▶ **Exercise brief**: Print the listing below verbatim, passing over each picture.

▶ **Exercise data**:
########
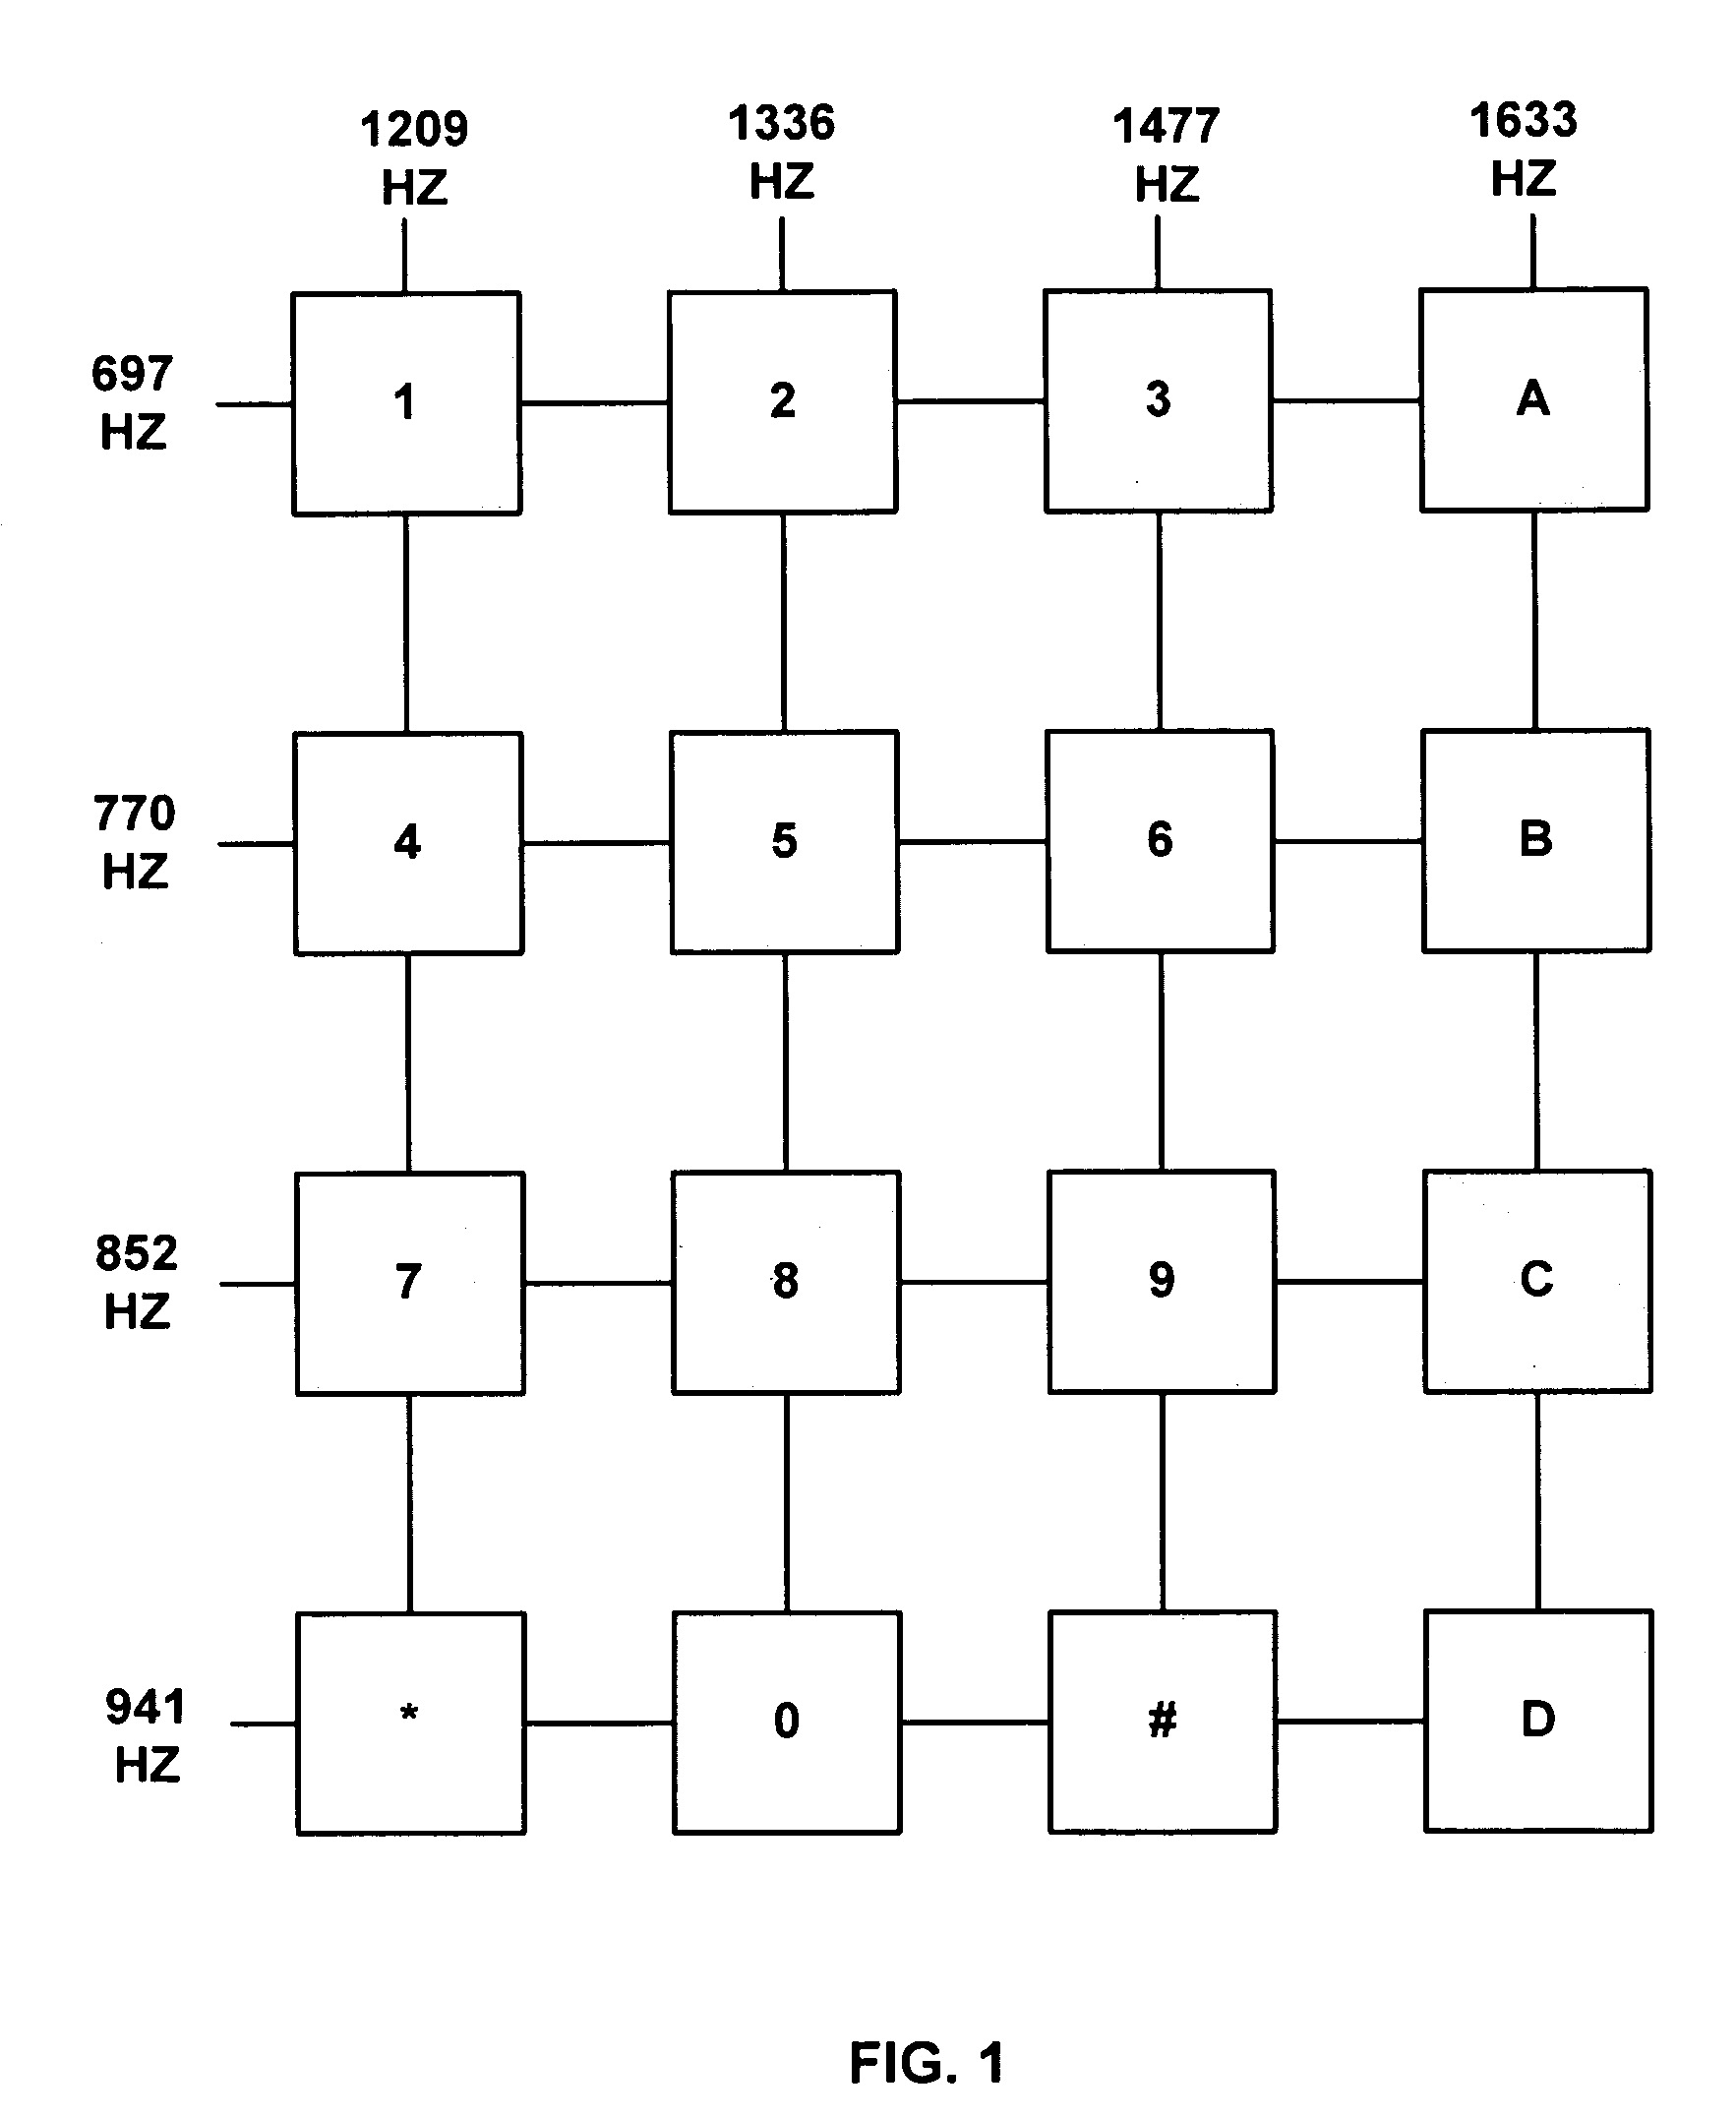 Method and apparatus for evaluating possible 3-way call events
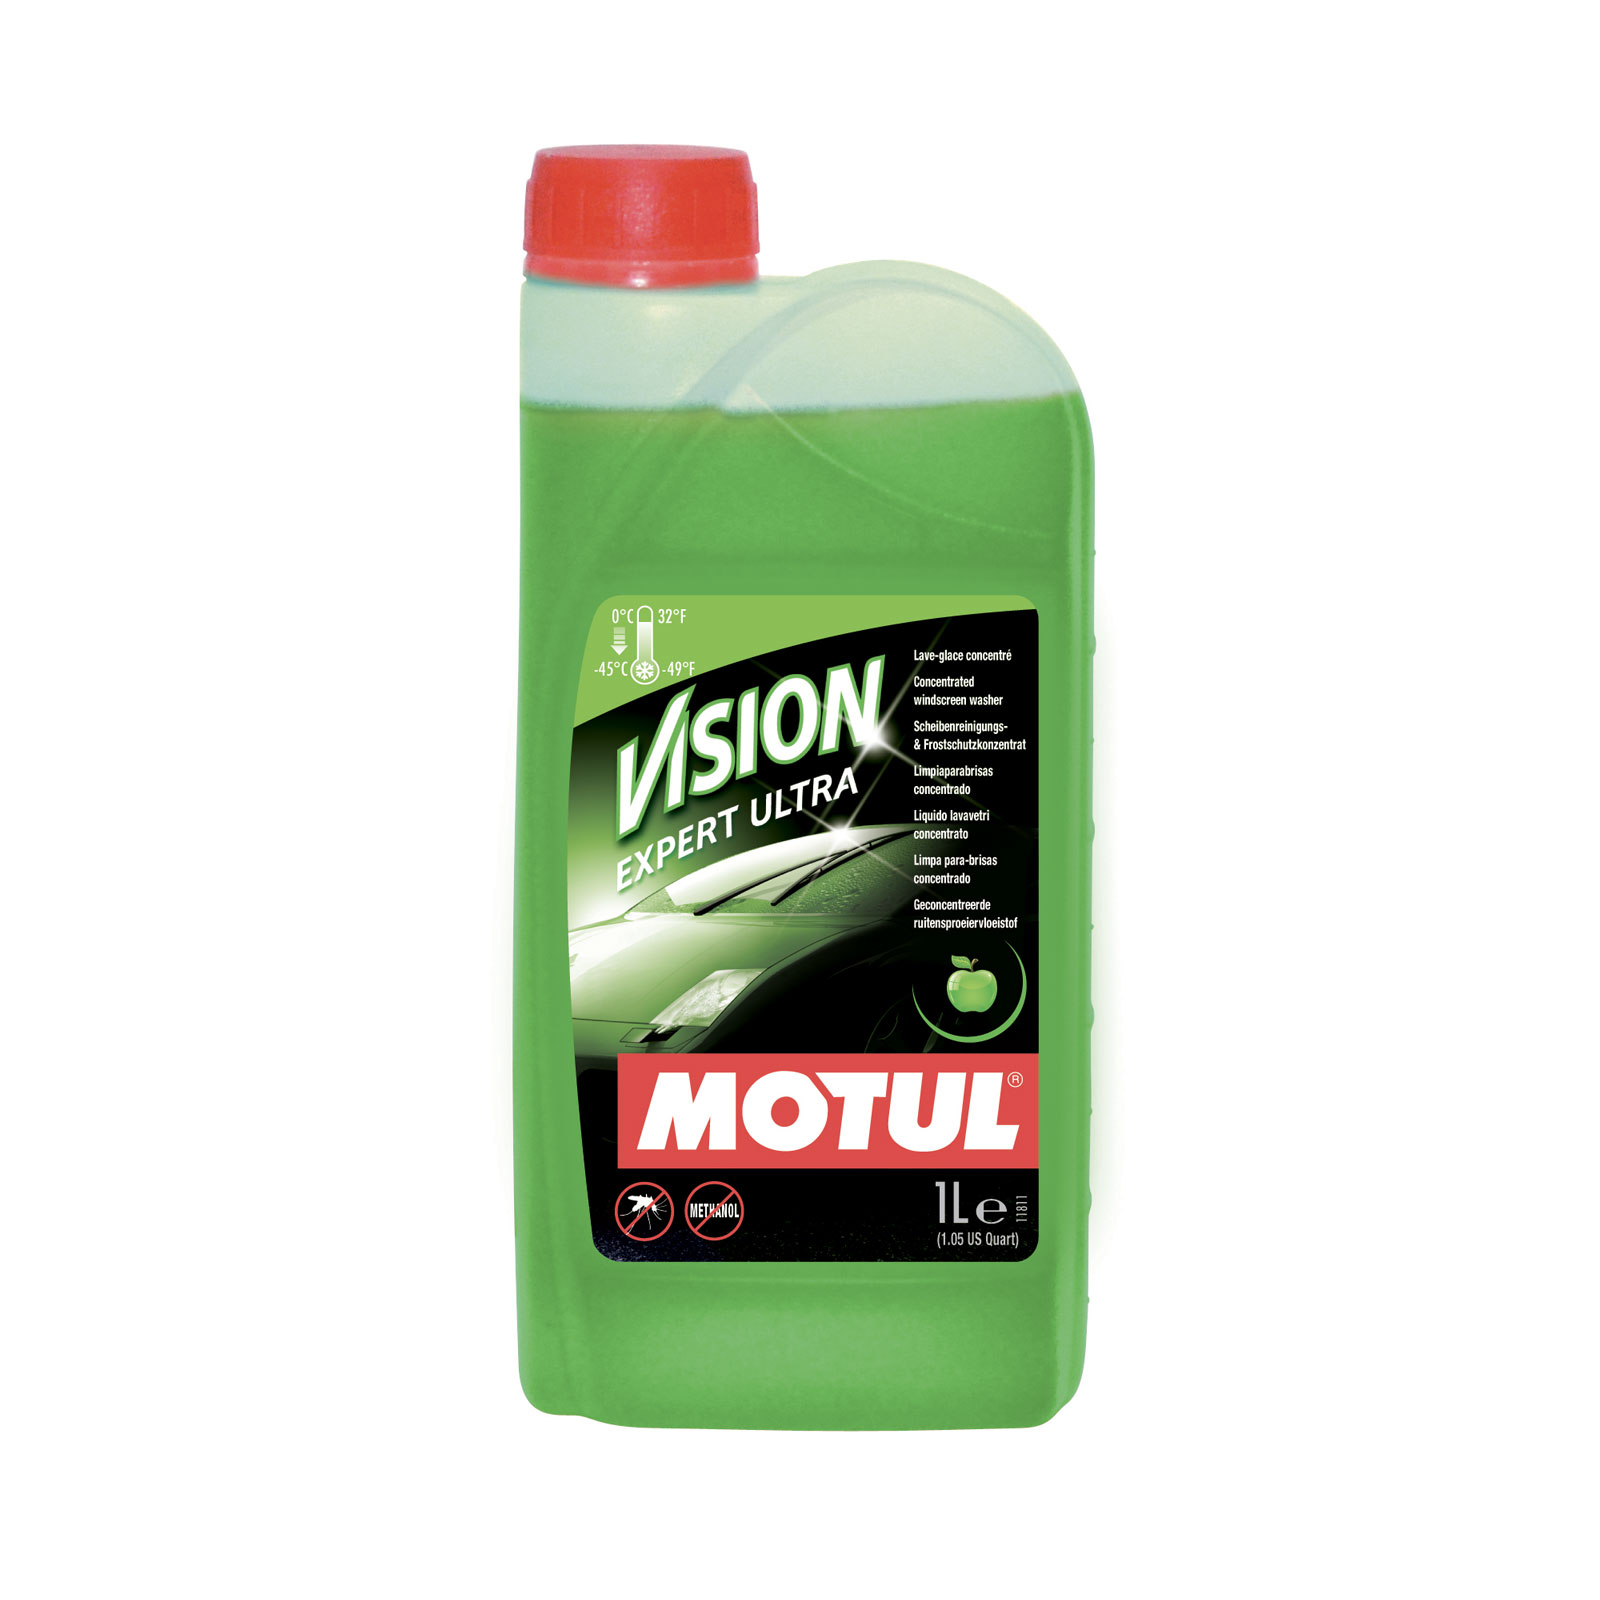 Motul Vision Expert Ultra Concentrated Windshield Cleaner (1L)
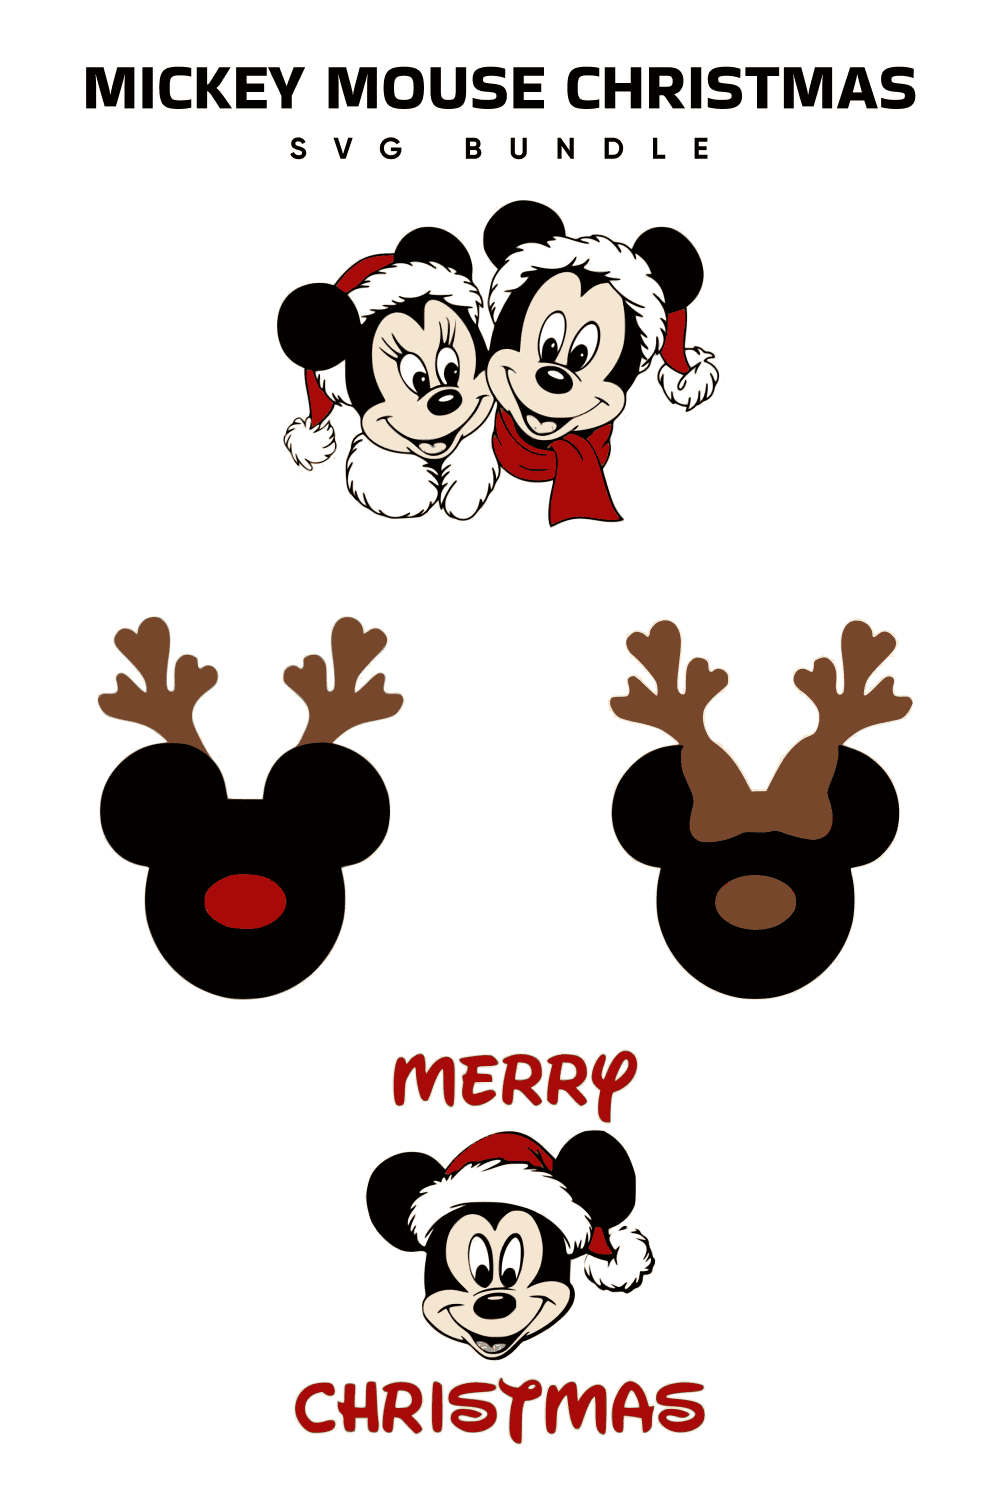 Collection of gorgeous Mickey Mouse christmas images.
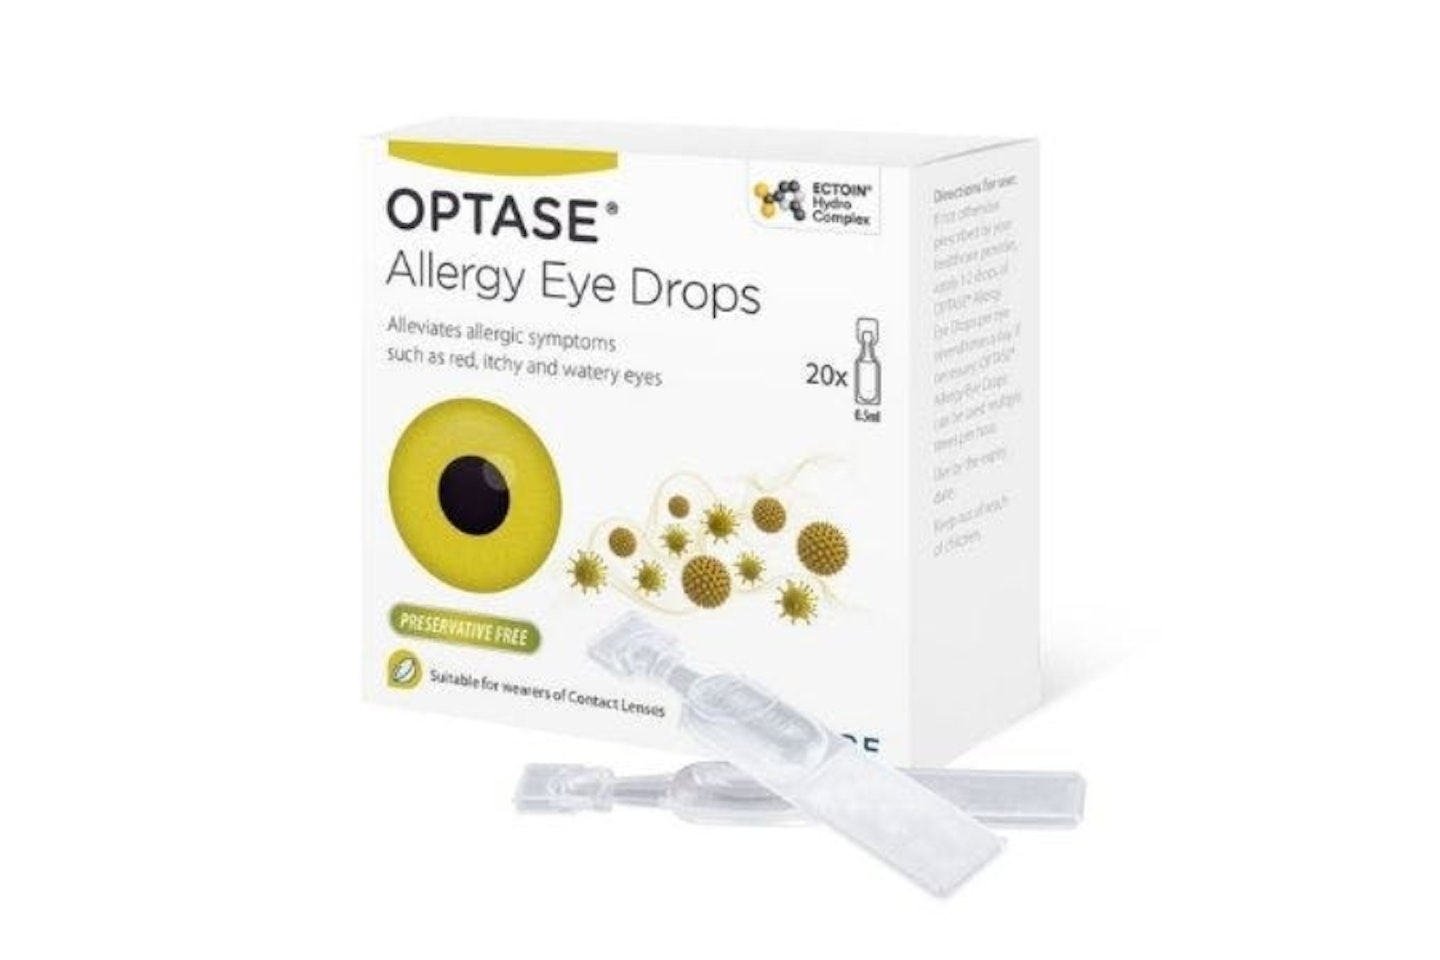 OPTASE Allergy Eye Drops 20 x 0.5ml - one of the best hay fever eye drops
########
▶ **Output of the exercise**:
 Method and apparatus for evaluating possible 3-way call events
 Motul Vision Expert Ultra Concentrated Windshield Cleaner (1L)
 Collection of gorgeous Mickey Mouse christmas images.
 OPTASE Allergy Eye Drops 20 x 0.5ml - one of the best hay fever eye drops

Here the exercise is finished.